_Work task_
Restate, word for word and with no pictures, the stretch of lines in the data below that begins at the line with "Vintage 1991 Virginia Beach T-shirt size XL" and ends at the line with "Maps & Transportation", inclusive.

_Recorded data_
Segment Open

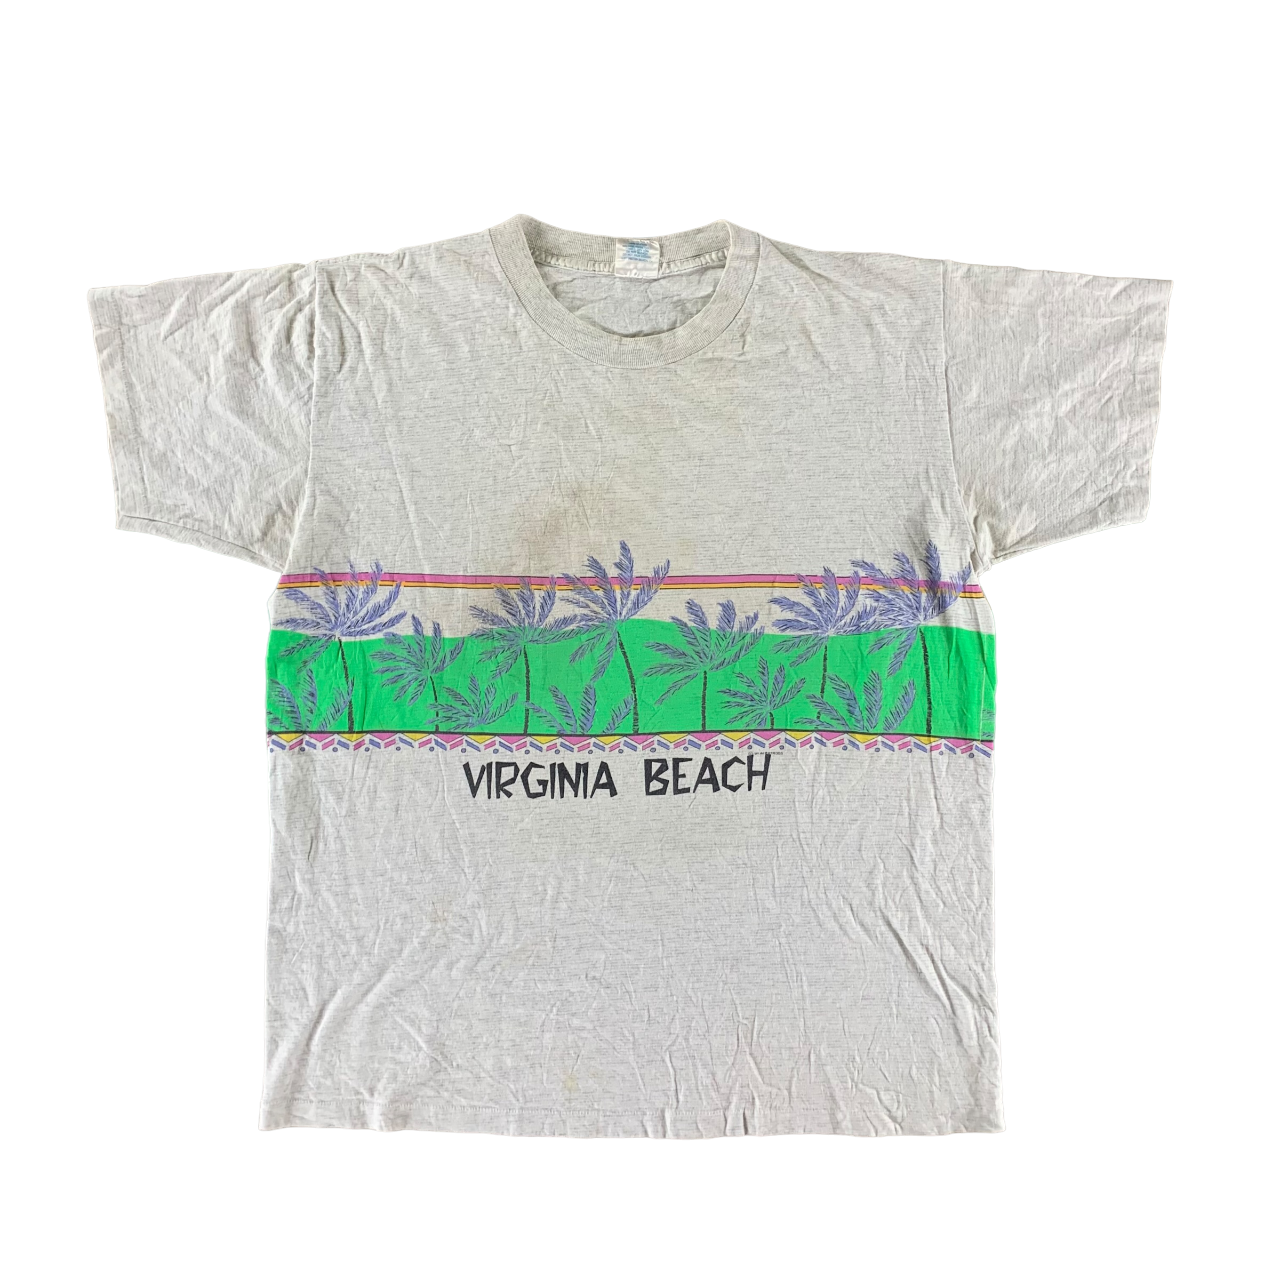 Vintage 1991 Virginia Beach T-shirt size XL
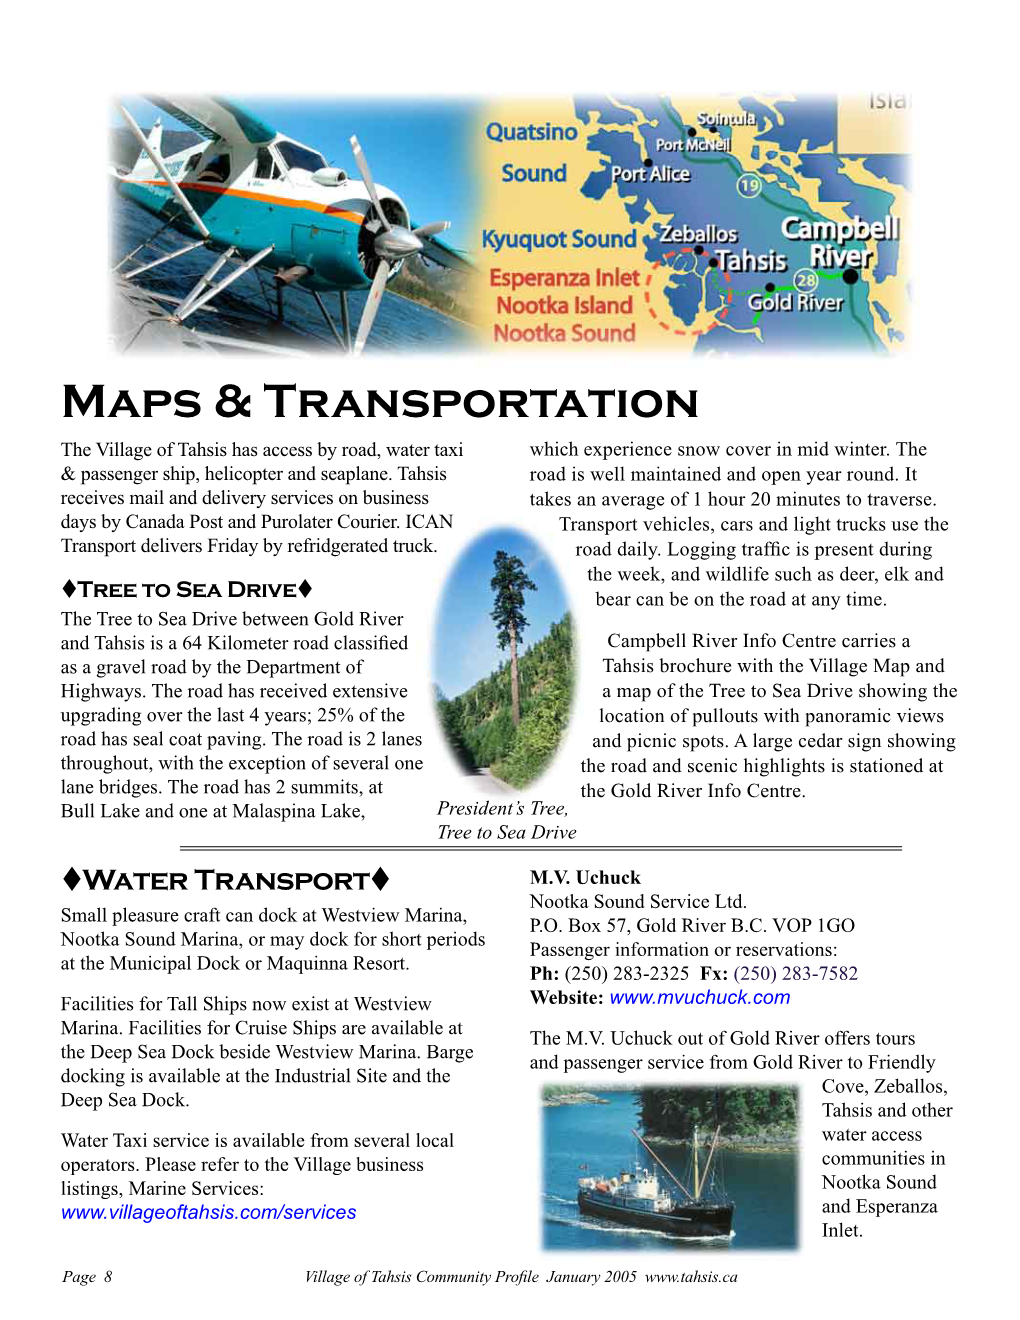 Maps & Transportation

Segment Closed
Segment Open

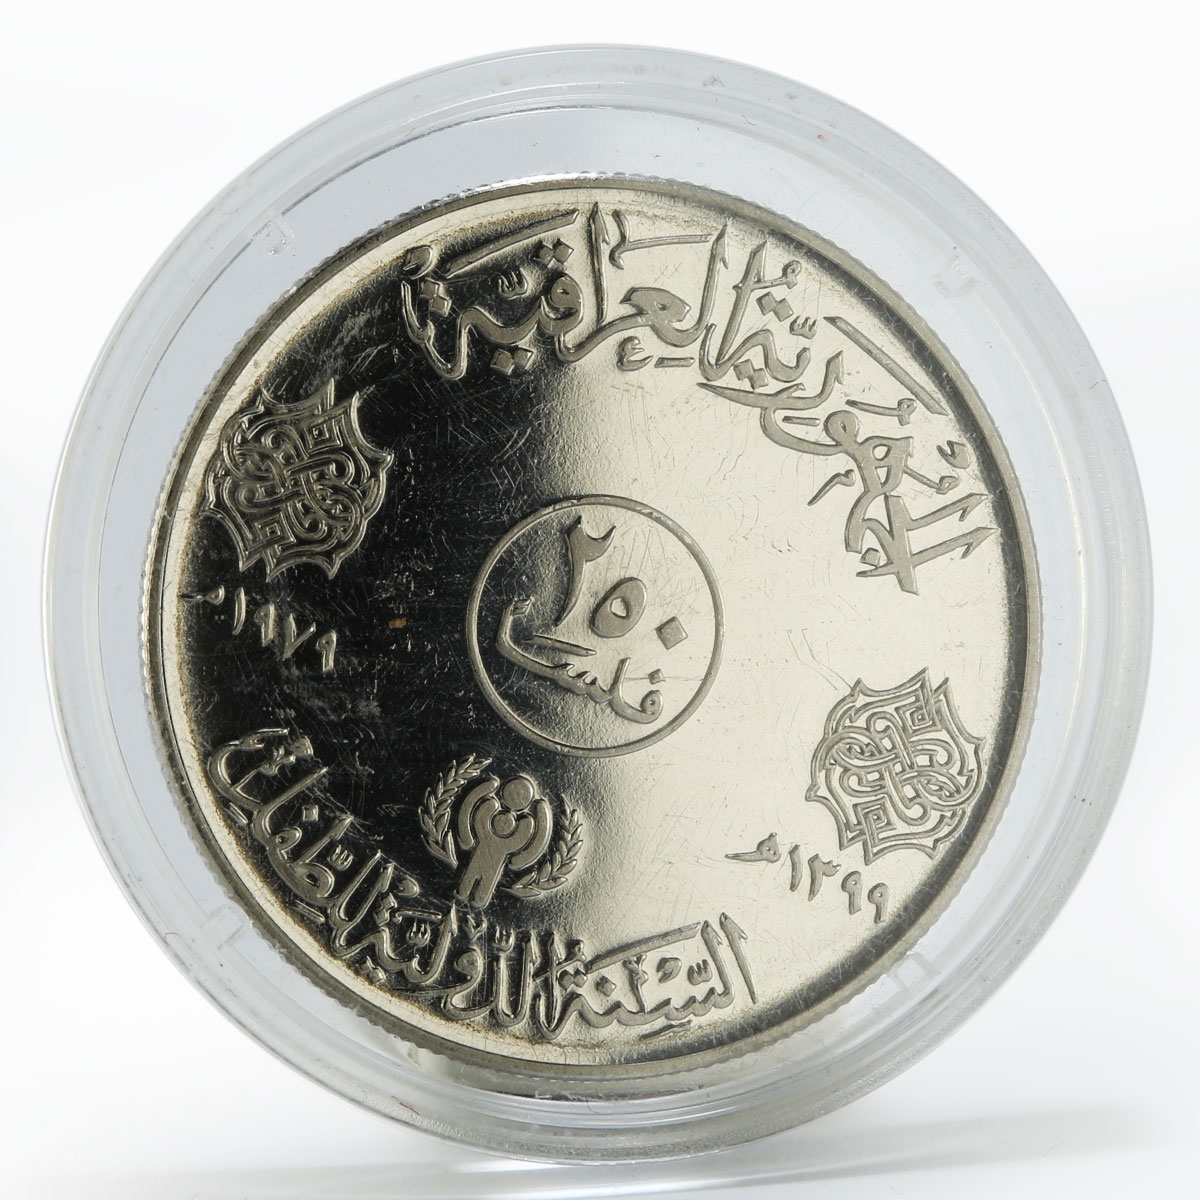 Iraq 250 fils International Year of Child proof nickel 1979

Segment Closed
Segment Open

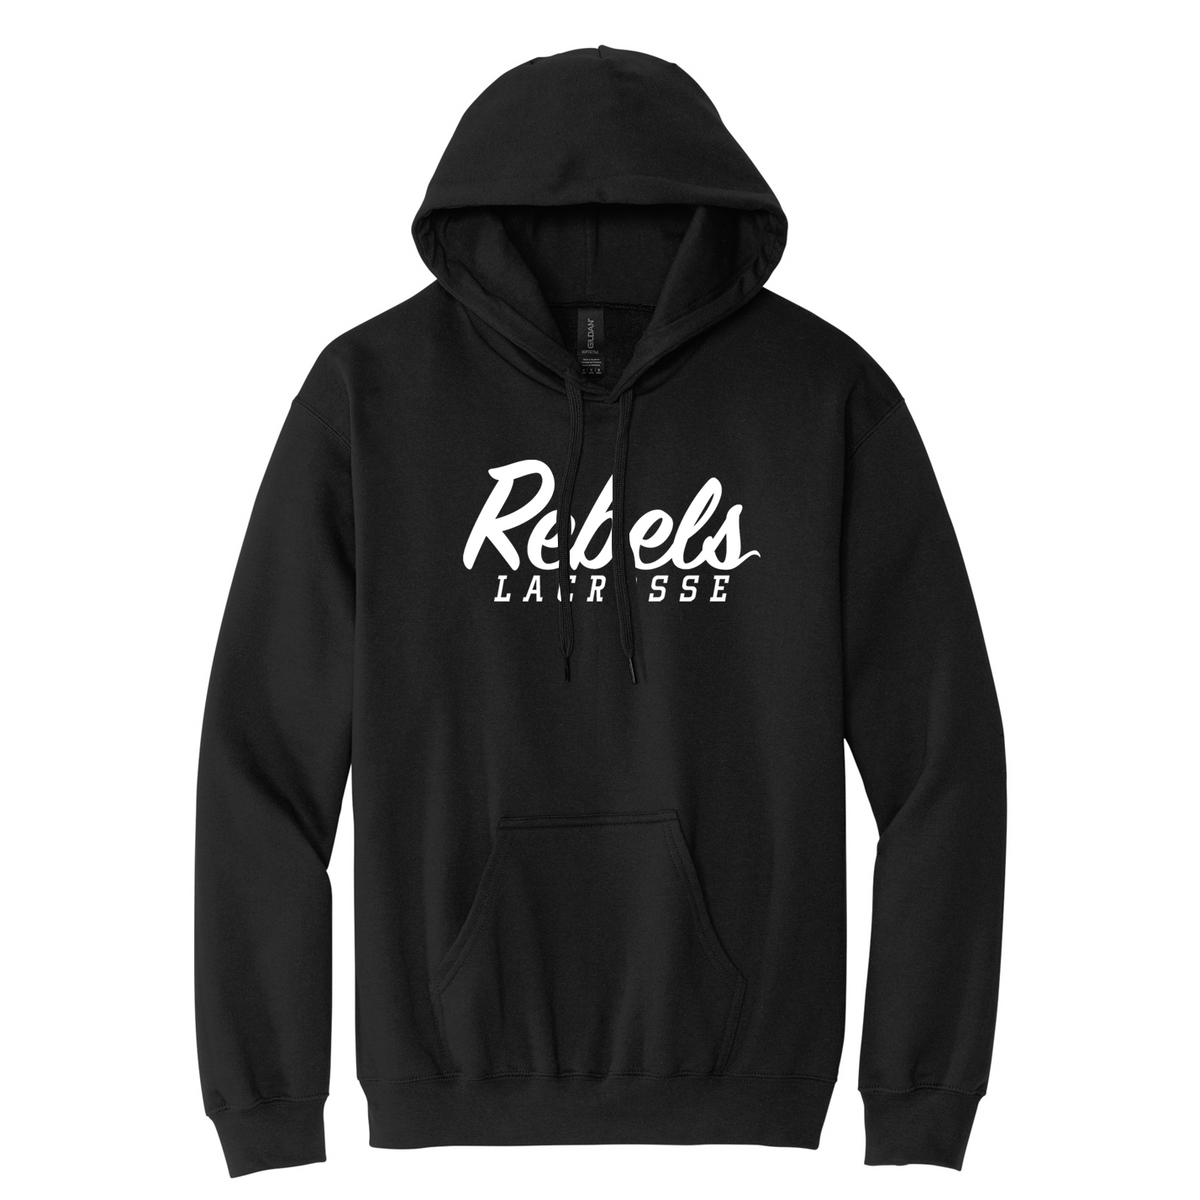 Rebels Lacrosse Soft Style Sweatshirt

Segment Closed

_Reply to the exercise_
 Vintage 1991 Virginia Beach T-shirt size XL
 Maps & Transportation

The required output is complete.